Saturday, June 30, 2012

Alcohol

Alcohol.

Is it good for you?  No.

Does it make you more likeable?  Not really.

Does it make you smarter?  Hell no.

Can it help you meet new friends, or entertain those you have?  Sure, why not.

Alcohol, like etiquette and manners, is a social lubricant.  It helps smooth the way when groups of people gather.  It can be at a race track, a restaraunt, or a random gathering on the street.  When people's inhibitions are reduced or voided entirely, the person that emerges is often closer to genuine than however they choose to present themselves at other times.  Assholes reveal themselves to be assholes.  Nice people treat others better and try to prevent fights between assholes.  Loud people can become louder, and sad people can become sadder. 

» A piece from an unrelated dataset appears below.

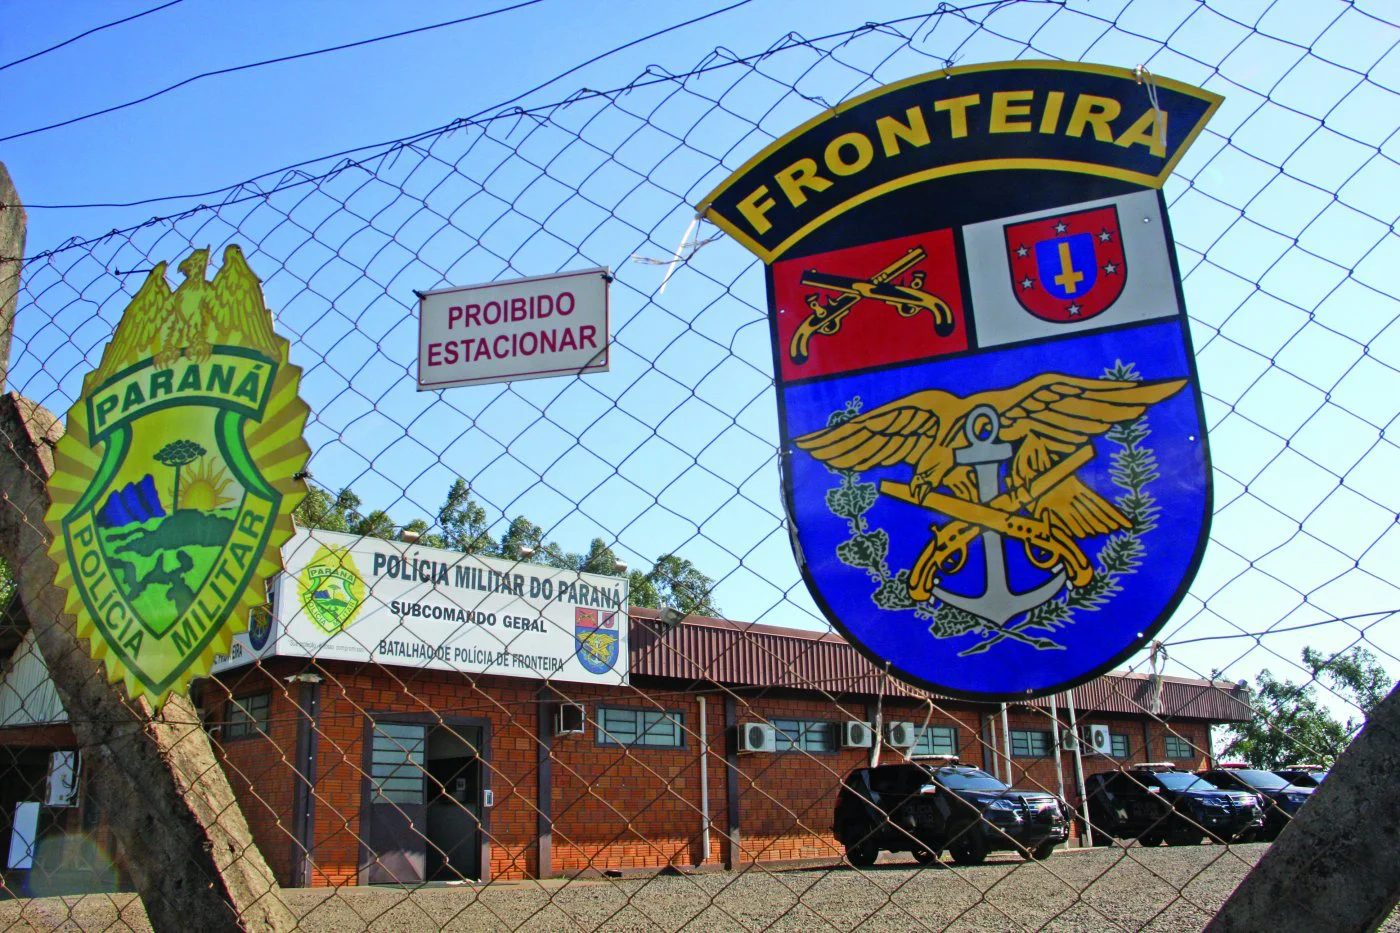 Brasil faz megaoperação militar nas fronteiras com Argentina

Alcohol, almost unique among chemical compounds, has been distilled by nearly every culture millenia past, even in isolation.  The Japanese have sake, Europeans beer and mead, and Amazonian and African tribes have drinks that will, almost literally, blow your mind.  The same way that primitive societies developed bread, they developed alcohol.

Why?

As soon as societies began to form enough to develop agriculture and villages, there existed enevitable friction.  You feel it every day, in the co-worker who you can't stand, the person on the street whose behavior annoys you in some inexplicable way.  People are different, and some will always annoy others.  This is a fact of humanity.

So one day a baker puts too much water in his dough, and in frustration leaves the pot full, puts a lid on it, and puts in on a shelf.  He forgets about it, and a few months later a thirsty someone finds and drinks what remains.  He spends the rest of the day trying to figure out what the hell happened, and how he can make it happen again. The rest is history.  (As far as beer is concerned, mostly German history)

So these days it exists as it always has, a readliy available lubricant to take the edge off a hard day or a weird party. 

Without it, I imagine we would be one of two places.

Either we would have advanced to a level of technology and personal enlightenment that cannot even be fathomed by science fiction writers,

Or we would have long since murdered each other, unable to deal with a myriad of annoyances.

In conclusion, alcohol is an ingrained and, for better or worse, irremovable facet of our global society. 

And, particularly appropriately, I am writing this while slightly drunk.